> **Your objective**: Output exactly the lines from the line that has "002 Remarkable Free" through the last line of the data below, with no pictures.

> **Given information**:
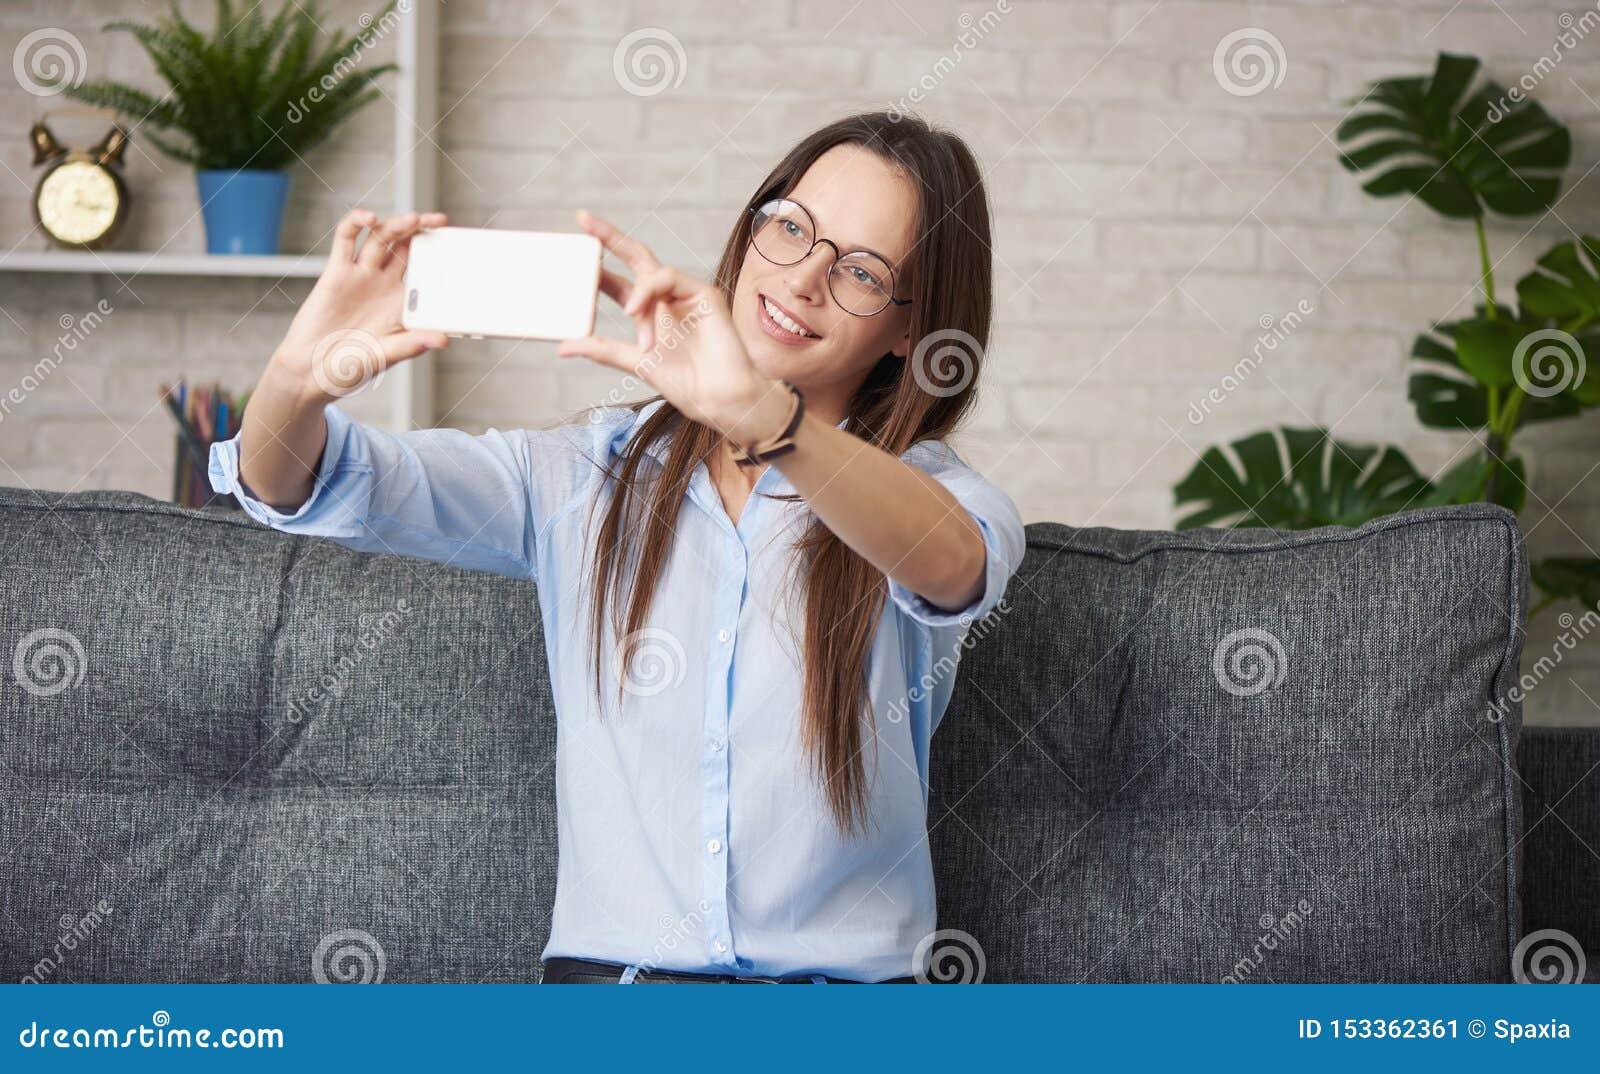 Nätt flicka som gör selfie, medan sitta på en soffa
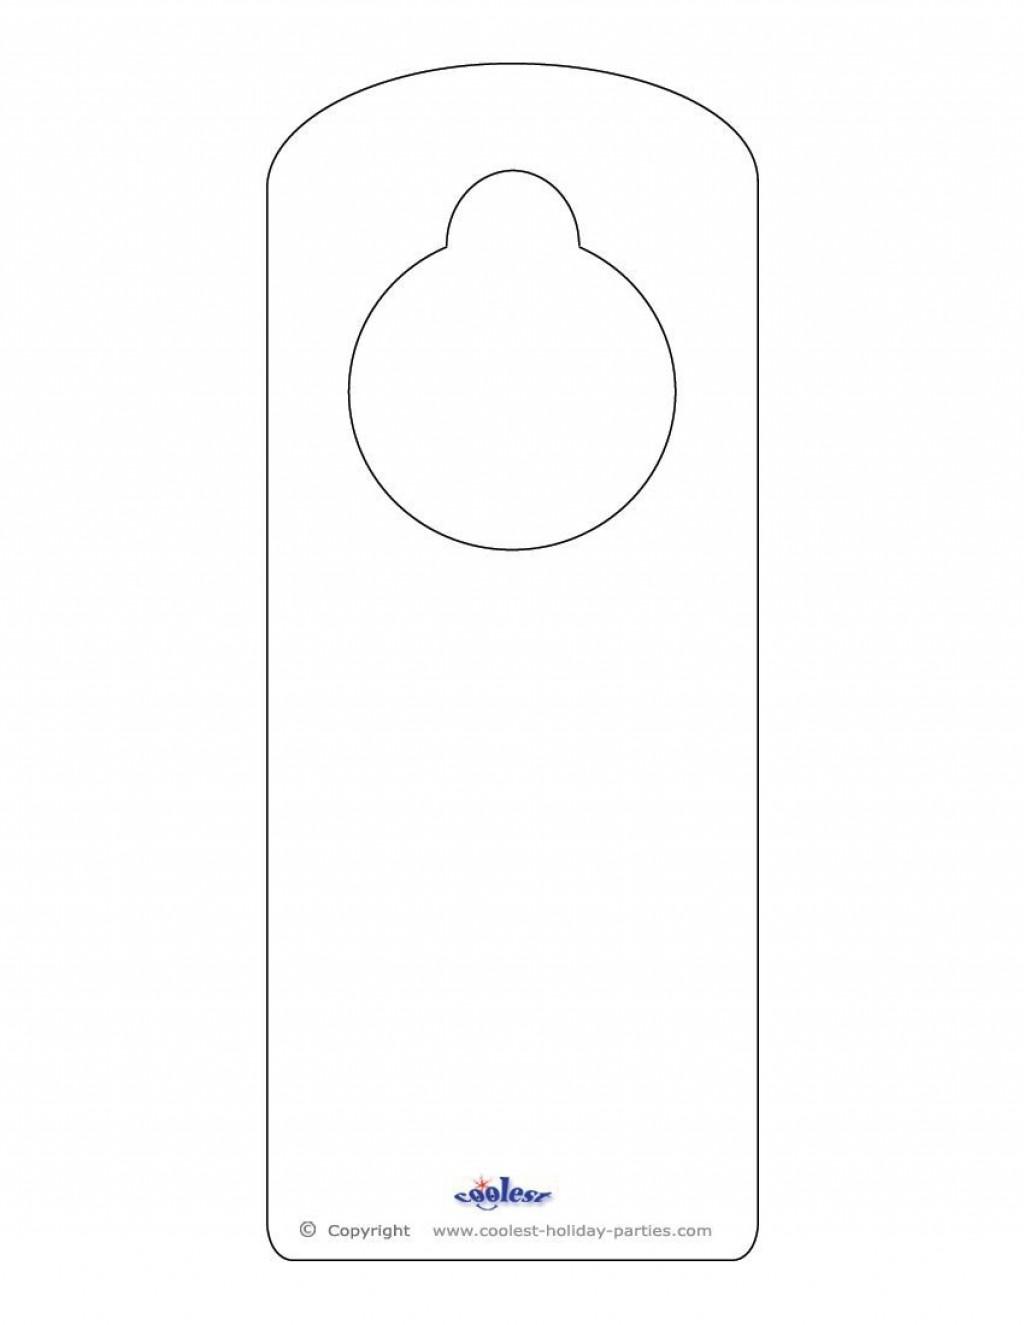 002 Remarkable Free Online Door Hanger Template Example  TemplatesLarge
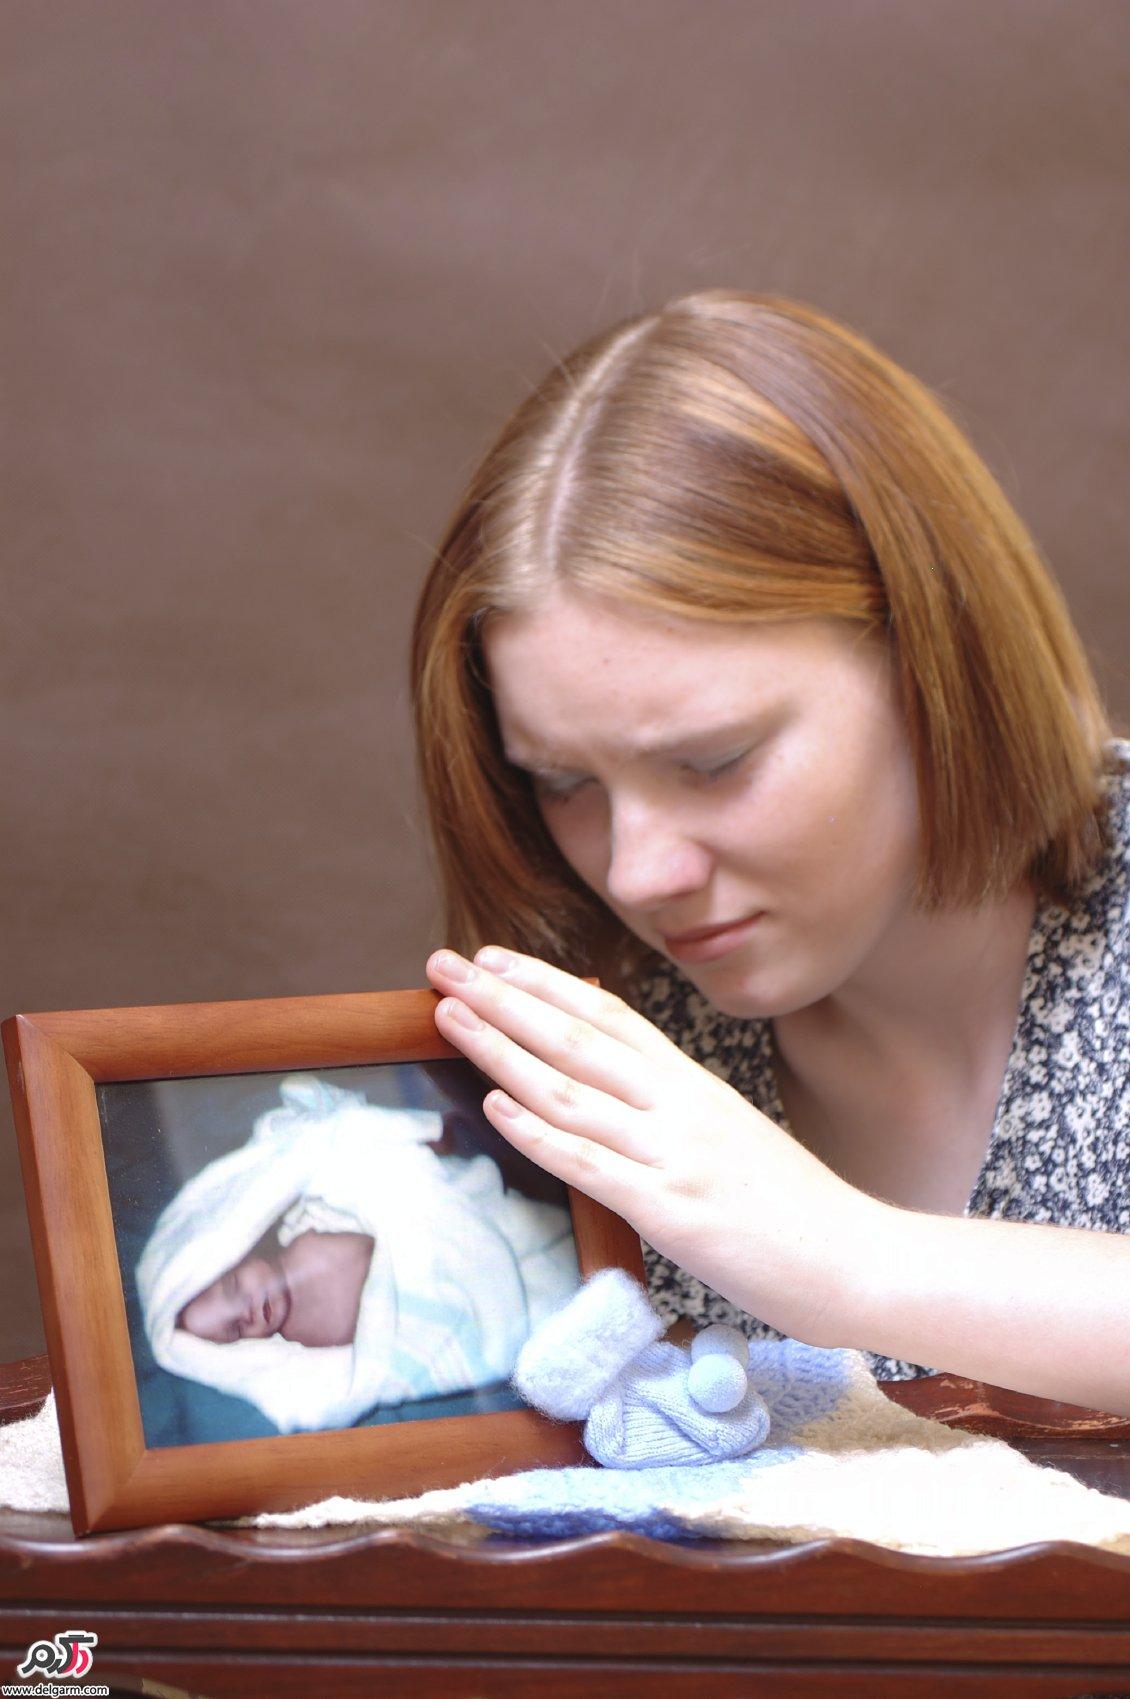 شایع ترین دلیل ناگهانی مرگ نوزادان زیر 1 سال
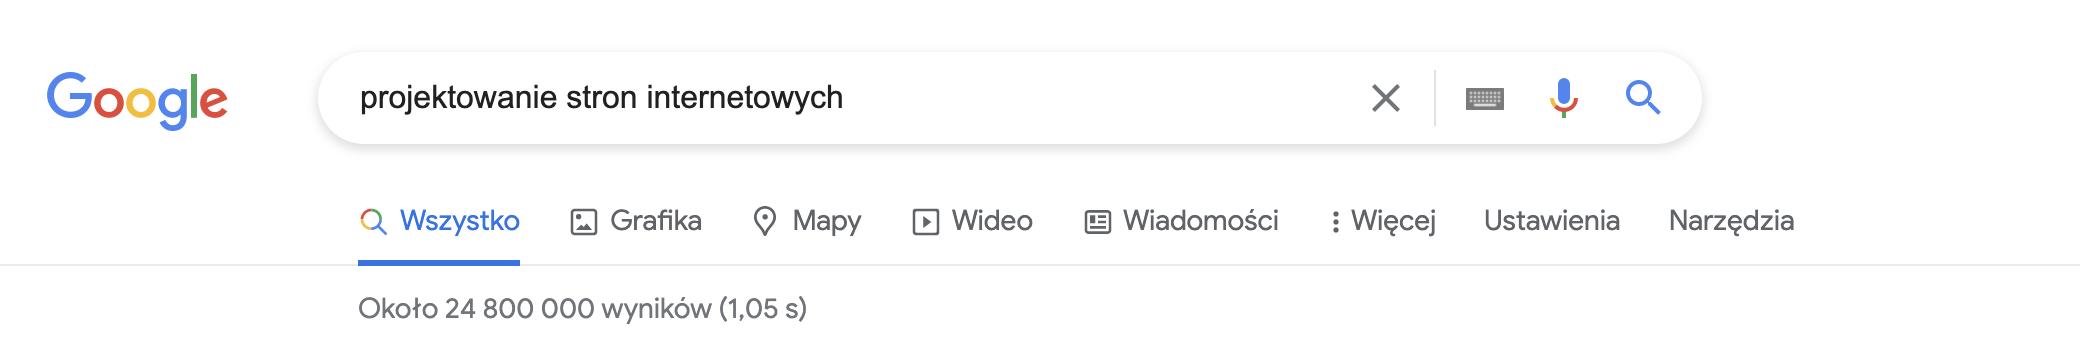 """screenshot z wynikiem wyszukiwania w Google """"projektowanie stron interentowych"""""""

> **Exercise response**:
 002 Remarkable Free Online Door Hanger Template Example  TemplatesLarge
 شایع ترین دلیل ناگهانی مرگ نوزادان زیر 1 سال
 """screenshot z wynikiem wyszukiwania w Google """"projektowanie stron interentowych"""""""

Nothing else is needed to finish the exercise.